## Exercise description
Would you transcribe all of the data exactly, down to the last character?

## Records for this task
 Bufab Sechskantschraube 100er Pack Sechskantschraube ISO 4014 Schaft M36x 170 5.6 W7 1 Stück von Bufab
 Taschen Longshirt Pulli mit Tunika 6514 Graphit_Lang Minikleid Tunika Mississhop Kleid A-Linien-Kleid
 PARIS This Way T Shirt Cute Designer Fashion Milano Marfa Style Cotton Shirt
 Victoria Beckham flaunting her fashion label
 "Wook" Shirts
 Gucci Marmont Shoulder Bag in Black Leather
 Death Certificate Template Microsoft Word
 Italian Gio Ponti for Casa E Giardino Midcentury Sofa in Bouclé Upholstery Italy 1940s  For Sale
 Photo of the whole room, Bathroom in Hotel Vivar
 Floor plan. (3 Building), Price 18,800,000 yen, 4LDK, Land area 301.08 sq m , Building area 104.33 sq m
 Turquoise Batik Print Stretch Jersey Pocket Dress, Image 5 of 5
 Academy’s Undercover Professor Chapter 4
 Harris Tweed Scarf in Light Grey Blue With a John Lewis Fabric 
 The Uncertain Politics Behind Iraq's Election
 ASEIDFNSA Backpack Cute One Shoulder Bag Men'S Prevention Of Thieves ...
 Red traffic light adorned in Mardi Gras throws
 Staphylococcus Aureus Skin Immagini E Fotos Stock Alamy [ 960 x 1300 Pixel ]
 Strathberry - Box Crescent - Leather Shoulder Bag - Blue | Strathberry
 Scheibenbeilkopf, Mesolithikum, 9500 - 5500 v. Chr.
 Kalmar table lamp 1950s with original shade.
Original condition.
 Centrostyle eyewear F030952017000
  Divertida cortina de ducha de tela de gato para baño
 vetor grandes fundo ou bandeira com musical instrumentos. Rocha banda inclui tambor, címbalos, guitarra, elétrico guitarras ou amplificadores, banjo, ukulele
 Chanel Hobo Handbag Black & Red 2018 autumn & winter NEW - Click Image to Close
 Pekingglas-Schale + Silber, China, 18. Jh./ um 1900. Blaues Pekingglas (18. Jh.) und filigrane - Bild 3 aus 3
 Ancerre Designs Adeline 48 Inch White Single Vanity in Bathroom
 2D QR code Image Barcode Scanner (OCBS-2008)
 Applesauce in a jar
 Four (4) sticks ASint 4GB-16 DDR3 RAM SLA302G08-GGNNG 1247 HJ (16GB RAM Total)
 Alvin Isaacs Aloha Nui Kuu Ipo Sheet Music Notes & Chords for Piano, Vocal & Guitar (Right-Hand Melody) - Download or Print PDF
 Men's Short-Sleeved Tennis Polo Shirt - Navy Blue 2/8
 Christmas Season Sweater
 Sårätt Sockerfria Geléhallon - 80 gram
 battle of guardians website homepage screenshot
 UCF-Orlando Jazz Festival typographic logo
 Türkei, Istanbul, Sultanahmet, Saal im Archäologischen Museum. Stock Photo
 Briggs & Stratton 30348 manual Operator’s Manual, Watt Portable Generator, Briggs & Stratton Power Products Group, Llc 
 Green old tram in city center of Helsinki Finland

## Final answer
 Bufab Sechskantschraube 100er Pack Sechskantschraube ISO 4014 Schaft M36x 170 5.6 W7 1 Stück von Bufab
 Taschen Longshirt Pulli mit Tunika 6514 Graphit_Lang Minikleid Tunika Mississhop Kleid A-Linien-Kleid
 PARIS This Way T Shirt Cute Designer Fashion Milano Marfa Style Cotton Shirt
 Victoria Beckham flaunting her fashion label
 "Wook" Shirts
 Gucci Marmont Shoulder Bag in Black Leather
 Death Certificate Template Microsoft Word
 Italian Gio Ponti for Casa E Giardino Midcentury Sofa in Bouclé Upholstery Italy 1940s  For Sale
 Photo of the whole room, Bathroom in Hotel Vivar
 Floor plan. (3 Building), Price 18,800,000 yen, 4LDK, Land area 301.08 sq m , Building area 104.33 sq m
 Turquoise Batik Print Stretch Jersey Pocket Dress, Image 5 of 5
 Academy’s Undercover Professor Chapter 4
 Harris Tweed Scarf in Light Grey Blue With a John Lewis Fabric 
 The Uncertain Politics Behind Iraq's Election
 ASEIDFNSA Backpack Cute One Shoulder Bag Men'S Prevention Of Thieves ...
 Red traffic light adorned in Mardi Gras throws
 Staphylococcus Aureus Skin Immagini E Fotos Stock Alamy [ 960 x 1300 Pixel ]
 Strathberry - Box Crescent - Leather Shoulder Bag - Blue | Strathberry
 Scheibenbeilkopf, Mesolithikum, 9500 - 5500 v. Chr.
 Kalmar table lamp 1950s with original shade.
Original condition.
 Centrostyle eyewear F030952017000
  Divertida cortina de ducha de tela de gato para baño
 vetor grandes fundo ou bandeira com musical instrumentos. Rocha banda inclui tambor, címbalos, guitarra, elétrico guitarras ou amplificadores, banjo, ukulele
 Chanel Hobo Handbag Black & Red 2018 autumn & winter NEW - Click Image to Close
 Pekingglas-Schale + Silber, China, 18. Jh./ um 1900. Blaues Pekingglas (18. Jh.) und filigrane - Bild 3 aus 3
 Ancerre Designs Adeline 48 Inch White Single Vanity in Bathroom
 2D QR code Image Barcode Scanner (OCBS-2008)
 Applesauce in a jar
 Four (4) sticks ASint 4GB-16 DDR3 RAM SLA302G08-GGNNG 1247 HJ (16GB RAM Total)
 Alvin Isaacs Aloha Nui Kuu Ipo Sheet Music Notes & Chords for Piano, Vocal & Guitar (Right-Hand Melody) - Download or Print PDF
 Men's Short-Sleeved Tennis Polo Shirt - Navy Blue 2/8
 Christmas Season Sweater
 Sårätt Sockerfria Geléhallon - 80 gram
 battle of guardians website homepage screenshot
 UCF-Orlando Jazz Festival typographic logo
 Türkei, Istanbul, Sultanahmet, Saal im Archäologischen Museum. Stock Photo
 Briggs & Stratton 30348 manual Operator’s Manual, Watt Portable Generator, Briggs & Stratton Power Products Group, Llc 
 Green old tram in city center of Helsinki Finland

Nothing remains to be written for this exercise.